Deadly earthquake rattles central Italy

A man reacts to his damaged home after a strong earthquake hit Amatrice on August 24, 2016 (AFP Photo/Filippo Monteforte)
A powerful 6.2-magnitude earthquake struck central Italy in the early hours of Wednesday, devastating mountain villages and leaving at least 13 people dead.
Numerous buildings collapsed in small communities close to the epicentre of the quake in a remote, thinly-populated area straddling the regions of Umbria, Marche and Lazio.
As dawn broke, residents and emergency services were scrambling to rescue people trapped in rubble. Local officials indicated that the death toll was likely to rise.
Fabrizio Curcio, the head of Italy\’s civil protection service, classed the quake as "severe". The shocks were strong enough to wake residents of central Rome, some 150 kilometres (90 miles) away.
The first two confirmed victims were an elderly couple whose home collapsed in Pescara del Tronto in the Marche region, according to local police.
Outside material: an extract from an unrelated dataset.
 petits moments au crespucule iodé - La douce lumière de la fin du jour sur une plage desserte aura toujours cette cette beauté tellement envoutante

Aleandro Petrucci, the mayor of nearby Arquata del Tronto, said Pescara was one of "two or three hamlets that have just completely disintegrated."
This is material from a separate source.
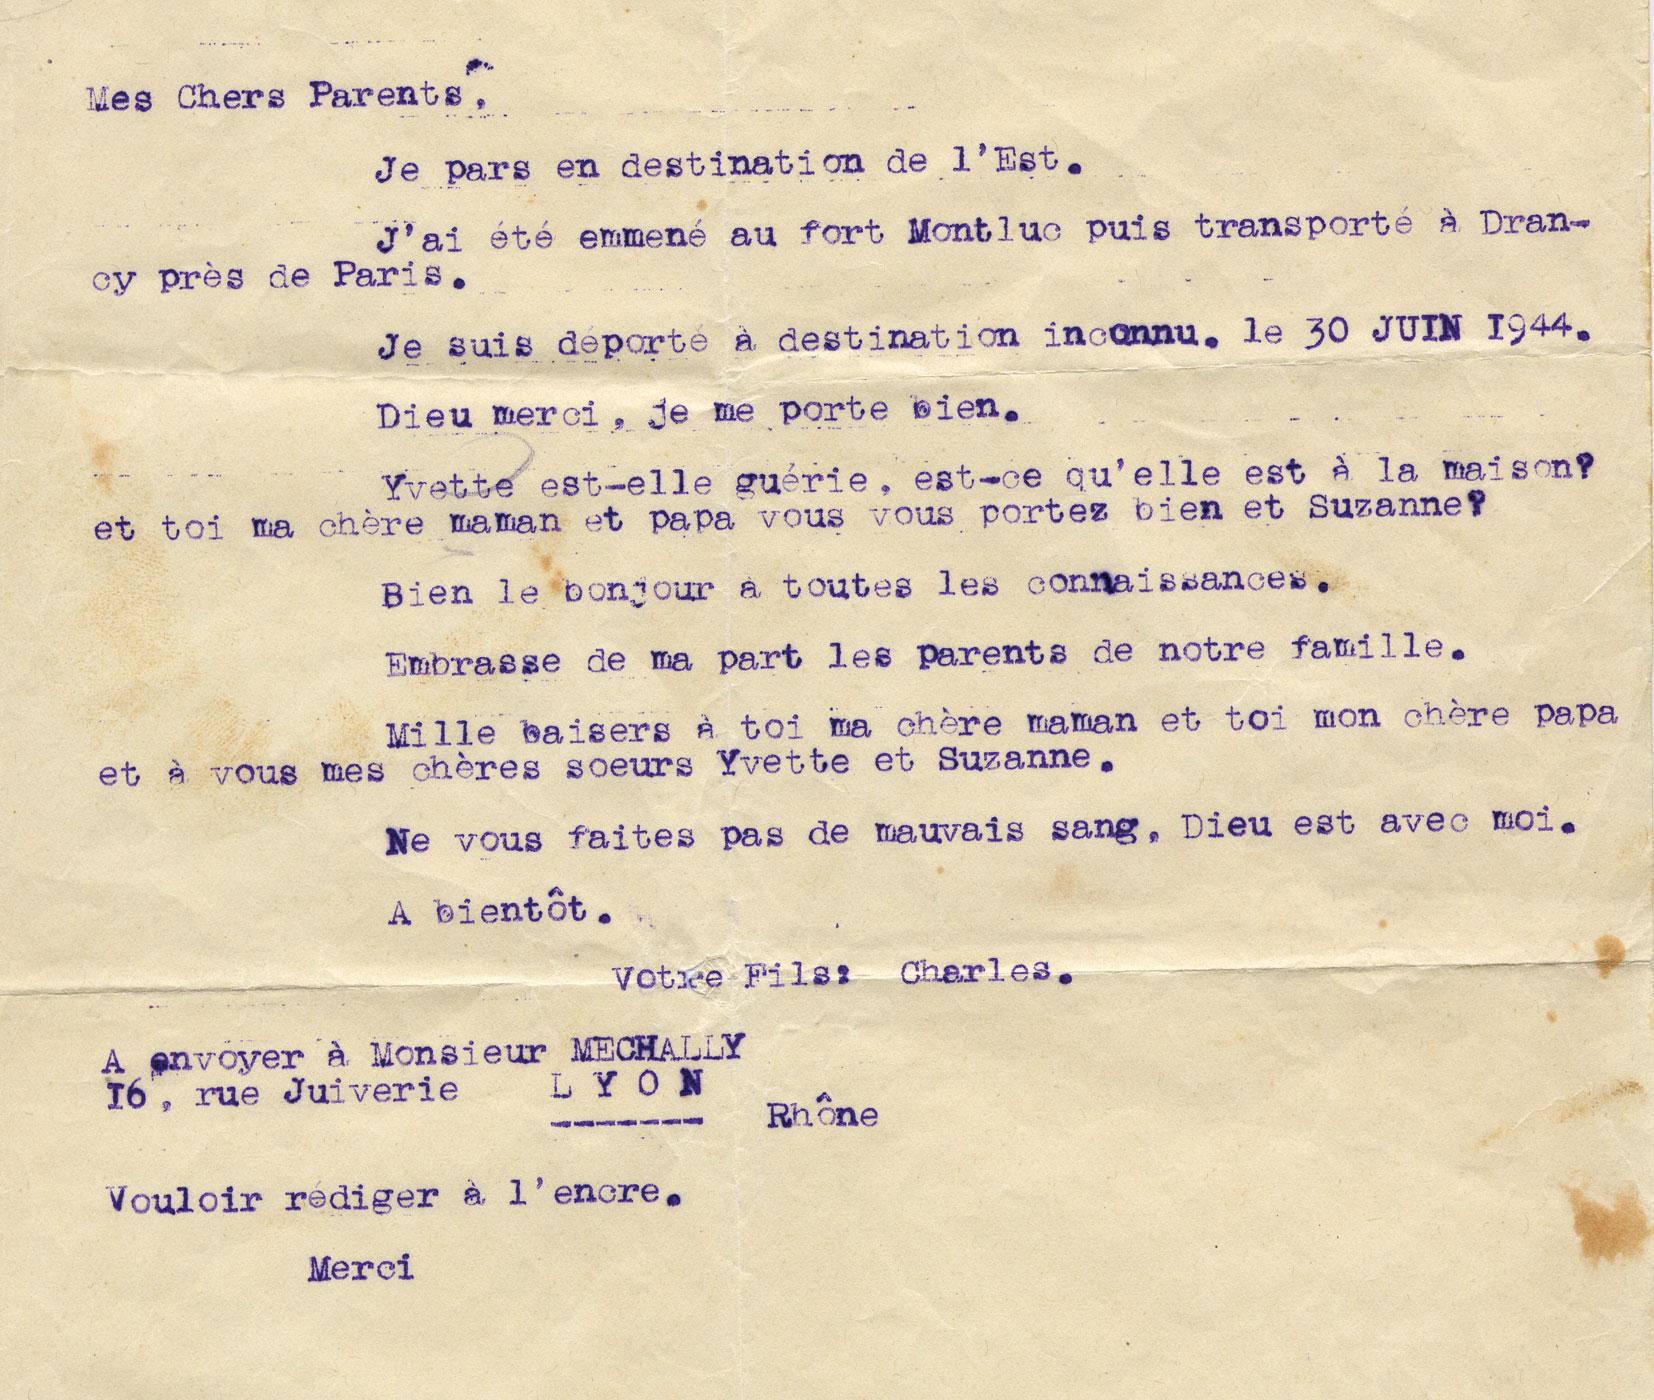 Lettre de Charles à ses parents, Mechally, Saint-Fons

Another person died and a family of four including two young children were trapped, feared dead, in their collapsed house in Accumoli, according to its mayor.
"We have a tragedy here," the mayor, Stefano Petrucci, said. "For the moment one death is confirmed but there are another four people under the rubble and they are not responding.
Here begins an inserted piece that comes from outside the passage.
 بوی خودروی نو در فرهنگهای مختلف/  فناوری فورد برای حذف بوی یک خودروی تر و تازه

"It is a disaster, we have no light, no telephones, the rescue services have not got here yet."
A resident of the village told Rai that she had been woken by the shaking in time to witness the wall of her bedroom cracking open. She was able to escape into the street with her children.
Two corpses were recovered from rubble in Amatrice, a mountain village in neighbouring Lazio that was packed with visitors at the peak of the summer season.
"Half the village has disappeared," said Sergio Pirozzi, Amatrice\’s mayor.
He said access to the village had been blocked, making it impossible for emergency services to get through.
"There is a landslide on one road, a bridge is about to collapse on the other one," he said, according to the AGI news agency.
"We can hear voices under the rubble."
Amatrice is famous in Italy as a beauty spot and is a popular holiday destination for Romans seeking cool mountain air at the height of the summer.
The first quake struck shortly after 3.30 am (0130 GMT), according to the United States Geological Survey, and a 5.4 magnitude aftershock followed an hour later.
USGS\’s PAGER system, which predicts the impact of earthquakes, issued a red alert — suggesting significant casualties and damage based on previous quake data.
A resident of the Rieti region, which is between Rome and the epicentre of the quake, told the Rainews24 channel that she and most of her neighbours had come out onto the street after feeling "very strong shaking".
In 2009 a 6.3-magnitude earthquake struck close to the city of Aquila in the Abruzzo region and left more than 300 people dead.
That disaster led to lengthy recriminations over lax building controls and the failure of authorities to warn residents that a quake could be imminent.
Italy is often shaken by earthquakes, usually centred on the mountainous spine of the boot-shaped country.
Another quake hit the northern Emilia Romagna region in May 2012, when two violent shocks 10 days apart left 23 people dead and 14,000 others homeless.